┌─ Data for this task
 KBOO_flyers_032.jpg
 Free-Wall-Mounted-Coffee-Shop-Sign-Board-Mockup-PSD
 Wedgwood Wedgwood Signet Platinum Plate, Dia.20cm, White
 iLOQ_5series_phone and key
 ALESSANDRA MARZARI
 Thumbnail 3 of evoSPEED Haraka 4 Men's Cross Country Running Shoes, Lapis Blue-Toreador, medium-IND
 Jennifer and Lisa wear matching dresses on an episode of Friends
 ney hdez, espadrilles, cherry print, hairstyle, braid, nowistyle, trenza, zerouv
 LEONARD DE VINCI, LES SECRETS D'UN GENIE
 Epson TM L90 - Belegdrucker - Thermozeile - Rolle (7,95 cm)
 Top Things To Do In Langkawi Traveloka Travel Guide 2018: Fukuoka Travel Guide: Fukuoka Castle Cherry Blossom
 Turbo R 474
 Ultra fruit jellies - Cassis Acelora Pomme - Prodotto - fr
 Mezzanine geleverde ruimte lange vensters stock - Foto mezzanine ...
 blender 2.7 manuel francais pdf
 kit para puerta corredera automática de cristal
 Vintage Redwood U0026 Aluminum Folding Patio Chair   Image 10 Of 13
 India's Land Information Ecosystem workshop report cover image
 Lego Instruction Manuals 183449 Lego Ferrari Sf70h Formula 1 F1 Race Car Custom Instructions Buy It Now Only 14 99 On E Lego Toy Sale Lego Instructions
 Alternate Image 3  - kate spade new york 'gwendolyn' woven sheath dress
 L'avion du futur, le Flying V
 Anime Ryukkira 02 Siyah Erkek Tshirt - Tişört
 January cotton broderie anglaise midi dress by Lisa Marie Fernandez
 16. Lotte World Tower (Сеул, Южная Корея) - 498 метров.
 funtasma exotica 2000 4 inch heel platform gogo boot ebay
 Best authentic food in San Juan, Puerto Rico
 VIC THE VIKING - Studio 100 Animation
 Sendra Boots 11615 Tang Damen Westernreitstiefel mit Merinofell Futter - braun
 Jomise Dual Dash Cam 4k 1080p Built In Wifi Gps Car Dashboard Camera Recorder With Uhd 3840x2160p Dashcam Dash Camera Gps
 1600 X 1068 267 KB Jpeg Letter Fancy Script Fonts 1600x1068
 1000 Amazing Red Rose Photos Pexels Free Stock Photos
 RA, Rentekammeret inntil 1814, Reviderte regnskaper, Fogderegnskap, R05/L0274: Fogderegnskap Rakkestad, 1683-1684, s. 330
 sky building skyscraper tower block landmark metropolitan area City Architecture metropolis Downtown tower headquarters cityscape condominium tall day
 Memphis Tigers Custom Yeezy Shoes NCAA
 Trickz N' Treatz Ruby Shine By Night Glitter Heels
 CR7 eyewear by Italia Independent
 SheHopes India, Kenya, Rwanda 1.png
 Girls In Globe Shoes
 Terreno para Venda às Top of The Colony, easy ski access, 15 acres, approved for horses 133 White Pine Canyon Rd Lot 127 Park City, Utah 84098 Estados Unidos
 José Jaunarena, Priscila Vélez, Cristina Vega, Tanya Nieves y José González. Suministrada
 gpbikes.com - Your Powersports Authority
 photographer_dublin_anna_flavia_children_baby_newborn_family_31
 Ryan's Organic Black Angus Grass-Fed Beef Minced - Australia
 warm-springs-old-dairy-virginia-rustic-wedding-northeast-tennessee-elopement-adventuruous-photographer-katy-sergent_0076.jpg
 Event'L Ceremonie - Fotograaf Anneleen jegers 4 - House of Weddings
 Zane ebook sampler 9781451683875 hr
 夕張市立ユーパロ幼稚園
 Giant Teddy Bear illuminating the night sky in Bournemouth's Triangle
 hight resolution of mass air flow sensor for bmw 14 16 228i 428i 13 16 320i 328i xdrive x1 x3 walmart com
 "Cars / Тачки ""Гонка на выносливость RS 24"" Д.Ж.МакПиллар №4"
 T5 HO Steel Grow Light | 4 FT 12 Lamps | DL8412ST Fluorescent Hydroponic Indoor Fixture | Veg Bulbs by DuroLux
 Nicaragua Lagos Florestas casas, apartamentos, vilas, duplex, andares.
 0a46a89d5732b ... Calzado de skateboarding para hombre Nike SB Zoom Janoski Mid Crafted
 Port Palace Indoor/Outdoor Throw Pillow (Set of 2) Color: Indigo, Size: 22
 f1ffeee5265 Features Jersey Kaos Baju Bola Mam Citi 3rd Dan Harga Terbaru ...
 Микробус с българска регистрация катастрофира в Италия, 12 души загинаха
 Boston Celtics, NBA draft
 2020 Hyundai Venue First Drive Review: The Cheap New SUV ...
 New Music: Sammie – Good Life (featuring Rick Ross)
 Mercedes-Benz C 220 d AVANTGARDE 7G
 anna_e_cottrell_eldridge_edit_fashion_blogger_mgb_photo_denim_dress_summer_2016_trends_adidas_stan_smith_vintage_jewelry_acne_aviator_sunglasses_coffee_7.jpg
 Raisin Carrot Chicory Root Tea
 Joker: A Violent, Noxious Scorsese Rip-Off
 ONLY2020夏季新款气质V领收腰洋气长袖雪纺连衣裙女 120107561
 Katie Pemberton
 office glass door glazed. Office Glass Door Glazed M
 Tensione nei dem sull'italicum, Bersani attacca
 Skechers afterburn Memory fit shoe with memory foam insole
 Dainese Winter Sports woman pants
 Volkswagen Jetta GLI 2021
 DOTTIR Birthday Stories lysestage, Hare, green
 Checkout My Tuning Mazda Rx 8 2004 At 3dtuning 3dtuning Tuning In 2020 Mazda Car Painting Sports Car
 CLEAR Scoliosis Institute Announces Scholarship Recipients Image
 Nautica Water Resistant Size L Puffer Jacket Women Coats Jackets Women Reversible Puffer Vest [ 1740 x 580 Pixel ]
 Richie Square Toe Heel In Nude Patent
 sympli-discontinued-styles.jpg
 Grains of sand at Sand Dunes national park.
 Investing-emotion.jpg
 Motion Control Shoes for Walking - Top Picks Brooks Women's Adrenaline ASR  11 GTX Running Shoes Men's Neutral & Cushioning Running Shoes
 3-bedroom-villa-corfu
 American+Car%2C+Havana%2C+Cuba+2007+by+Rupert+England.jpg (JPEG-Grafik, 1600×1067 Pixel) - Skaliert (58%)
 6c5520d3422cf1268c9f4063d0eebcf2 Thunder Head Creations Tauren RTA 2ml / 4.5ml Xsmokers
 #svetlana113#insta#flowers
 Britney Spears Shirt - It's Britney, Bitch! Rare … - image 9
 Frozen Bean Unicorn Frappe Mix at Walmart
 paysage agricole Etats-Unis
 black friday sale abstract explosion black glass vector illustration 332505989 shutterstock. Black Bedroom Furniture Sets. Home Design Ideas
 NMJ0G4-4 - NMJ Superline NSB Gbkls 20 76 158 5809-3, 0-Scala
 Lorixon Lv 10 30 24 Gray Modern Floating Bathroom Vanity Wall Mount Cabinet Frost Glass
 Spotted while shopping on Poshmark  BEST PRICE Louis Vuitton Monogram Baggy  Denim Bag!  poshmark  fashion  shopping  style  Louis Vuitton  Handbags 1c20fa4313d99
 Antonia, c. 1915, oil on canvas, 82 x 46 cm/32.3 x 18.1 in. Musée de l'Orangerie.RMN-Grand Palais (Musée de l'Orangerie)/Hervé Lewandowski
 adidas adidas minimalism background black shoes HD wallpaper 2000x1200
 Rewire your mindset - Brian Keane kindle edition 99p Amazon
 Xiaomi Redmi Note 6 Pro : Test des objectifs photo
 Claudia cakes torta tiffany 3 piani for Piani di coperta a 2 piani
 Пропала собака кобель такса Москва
└─
**Task requirements**
Reproduce all the data exactly. Include every line.

**Result of the exercise**
 KBOO_flyers_032.jpg
 Free-Wall-Mounted-Coffee-Shop-Sign-Board-Mockup-PSD
 Wedgwood Wedgwood Signet Platinum Plate, Dia.20cm, White
 iLOQ_5series_phone and key
 ALESSANDRA MARZARI
 Thumbnail 3 of evoSPEED Haraka 4 Men's Cross Country Running Shoes, Lapis Blue-Toreador, medium-IND
 Jennifer and Lisa wear matching dresses on an episode of Friends
 ney hdez, espadrilles, cherry print, hairstyle, braid, nowistyle, trenza, zerouv
 LEONARD DE VINCI, LES SECRETS D'UN GENIE
 Epson TM L90 - Belegdrucker - Thermozeile - Rolle (7,95 cm)
 Top Things To Do In Langkawi Traveloka Travel Guide 2018: Fukuoka Travel Guide: Fukuoka Castle Cherry Blossom
 Turbo R 474
 Ultra fruit jellies - Cassis Acelora Pomme - Prodotto - fr
 Mezzanine geleverde ruimte lange vensters stock - Foto mezzanine ...
 blender 2.7 manuel francais pdf
 kit para puerta corredera automática de cristal
 Vintage Redwood U0026 Aluminum Folding Patio Chair   Image 10 Of 13
 India's Land Information Ecosystem workshop report cover image
 Lego Instruction Manuals 183449 Lego Ferrari Sf70h Formula 1 F1 Race Car Custom Instructions Buy It Now Only 14 99 On E Lego Toy Sale Lego Instructions
 Alternate Image 3  - kate spade new york 'gwendolyn' woven sheath dress
 L'avion du futur, le Flying V
 Anime Ryukkira 02 Siyah Erkek Tshirt - Tişört
 January cotton broderie anglaise midi dress by Lisa Marie Fernandez
 16. Lotte World Tower (Сеул, Южная Корея) - 498 метров.
 funtasma exotica 2000 4 inch heel platform gogo boot ebay
 Best authentic food in San Juan, Puerto Rico
 VIC THE VIKING - Studio 100 Animation
 Sendra Boots 11615 Tang Damen Westernreitstiefel mit Merinofell Futter - braun
 Jomise Dual Dash Cam 4k 1080p Built In Wifi Gps Car Dashboard Camera Recorder With Uhd 3840x2160p Dashcam Dash Camera Gps
 1600 X 1068 267 KB Jpeg Letter Fancy Script Fonts 1600x1068
 1000 Amazing Red Rose Photos Pexels Free Stock Photos
 RA, Rentekammeret inntil 1814, Reviderte regnskaper, Fogderegnskap, R05/L0274: Fogderegnskap Rakkestad, 1683-1684, s. 330
 sky building skyscraper tower block landmark metropolitan area City Architecture metropolis Downtown tower headquarters cityscape condominium tall day
 Memphis Tigers Custom Yeezy Shoes NCAA
 Trickz N' Treatz Ruby Shine By Night Glitter Heels
 CR7 eyewear by Italia Independent
 SheHopes India, Kenya, Rwanda 1.png
 Girls In Globe Shoes
 Terreno para Venda às Top of The Colony, easy ski access, 15 acres, approved for horses 133 White Pine Canyon Rd Lot 127 Park City, Utah 84098 Estados Unidos
 José Jaunarena, Priscila Vélez, Cristina Vega, Tanya Nieves y José González. Suministrada
 gpbikes.com - Your Powersports Authority
 photographer_dublin_anna_flavia_children_baby_newborn_family_31
 Ryan's Organic Black Angus Grass-Fed Beef Minced - Australia
 warm-springs-old-dairy-virginia-rustic-wedding-northeast-tennessee-elopement-adventuruous-photographer-katy-sergent_0076.jpg
 Event'L Ceremonie - Fotograaf Anneleen jegers 4 - House of Weddings
 Zane ebook sampler 9781451683875 hr
 夕張市立ユーパロ幼稚園
 Giant Teddy Bear illuminating the night sky in Bournemouth's Triangle
 hight resolution of mass air flow sensor for bmw 14 16 228i 428i 13 16 320i 328i xdrive x1 x3 walmart com
 "Cars / Тачки ""Гонка на выносливость RS 24"" Д.Ж.МакПиллар №4"
 T5 HO Steel Grow Light | 4 FT 12 Lamps | DL8412ST Fluorescent Hydroponic Indoor Fixture | Veg Bulbs by DuroLux
 Nicaragua Lagos Florestas casas, apartamentos, vilas, duplex, andares.
 0a46a89d5732b ... Calzado de skateboarding para hombre Nike SB Zoom Janoski Mid Crafted
 Port Palace Indoor/Outdoor Throw Pillow (Set of 2) Color: Indigo, Size: 22
 f1ffeee5265 Features Jersey Kaos Baju Bola Mam Citi 3rd Dan Harga Terbaru ...
 Микробус с българска регистрация катастрофира в Италия, 12 души загинаха
 Boston Celtics, NBA draft
 2020 Hyundai Venue First Drive Review: The Cheap New SUV ...
 New Music: Sammie – Good Life (featuring Rick Ross)
 Mercedes-Benz C 220 d AVANTGARDE 7G
 anna_e_cottrell_eldridge_edit_fashion_blogger_mgb_photo_denim_dress_summer_2016_trends_adidas_stan_smith_vintage_jewelry_acne_aviator_sunglasses_coffee_7.jpg
 Raisin Carrot Chicory Root Tea
 Joker: A Violent, Noxious Scorsese Rip-Off
 ONLY2020夏季新款气质V领收腰洋气长袖雪纺连衣裙女 120107561
 Katie Pemberton
 office glass door glazed. Office Glass Door Glazed M
 Tensione nei dem sull'italicum, Bersani attacca
 Skechers afterburn Memory fit shoe with memory foam insole
 Dainese Winter Sports woman pants
 Volkswagen Jetta GLI 2021
 DOTTIR Birthday Stories lysestage, Hare, green
 Checkout My Tuning Mazda Rx 8 2004 At 3dtuning 3dtuning Tuning In 2020 Mazda Car Painting Sports Car
 CLEAR Scoliosis Institute Announces Scholarship Recipients Image
 Nautica Water Resistant Size L Puffer Jacket Women Coats Jackets Women Reversible Puffer Vest [ 1740 x 580 Pixel ]
 Richie Square Toe Heel In Nude Patent
 sympli-discontinued-styles.jpg
 Grains of sand at Sand Dunes national park.
 Investing-emotion.jpg
 Motion Control Shoes for Walking - Top Picks Brooks Women's Adrenaline ASR  11 GTX Running Shoes Men's Neutral & Cushioning Running Shoes
 3-bedroom-villa-corfu
 American+Car%2C+Havana%2C+Cuba+2007+by+Rupert+England.jpg (JPEG-Grafik, 1600×1067 Pixel) - Skaliert (58%)
 6c5520d3422cf1268c9f4063d0eebcf2 Thunder Head Creations Tauren RTA 2ml / 4.5ml Xsmokers
 #svetlana113#insta#flowers
 Britney Spears Shirt - It's Britney, Bitch! Rare … - image 9
 Frozen Bean Unicorn Frappe Mix at Walmart
 paysage agricole Etats-Unis
 black friday sale abstract explosion black glass vector illustration 332505989 shutterstock. Black Bedroom Furniture Sets. Home Design Ideas
 NMJ0G4-4 - NMJ Superline NSB Gbkls 20 76 158 5809-3, 0-Scala
 Lorixon Lv 10 30 24 Gray Modern Floating Bathroom Vanity Wall Mount Cabinet Frost Glass
 Spotted while shopping on Poshmark  BEST PRICE Louis Vuitton Monogram Baggy  Denim Bag!  poshmark  fashion  shopping  style  Louis Vuitton  Handbags 1c20fa4313d99
 Antonia, c. 1915, oil on canvas, 82 x 46 cm/32.3 x 18.1 in. Musée de l'Orangerie.RMN-Grand Palais (Musée de l'Orangerie)/Hervé Lewandowski
 adidas adidas minimalism background black shoes HD wallpaper 2000x1200
 Rewire your mindset - Brian Keane kindle edition 99p Amazon
 Xiaomi Redmi Note 6 Pro : Test des objectifs photo
 Claudia cakes torta tiffany 3 piani for Piani di coperta a 2 piani
 Пропала собака кобель такса Москва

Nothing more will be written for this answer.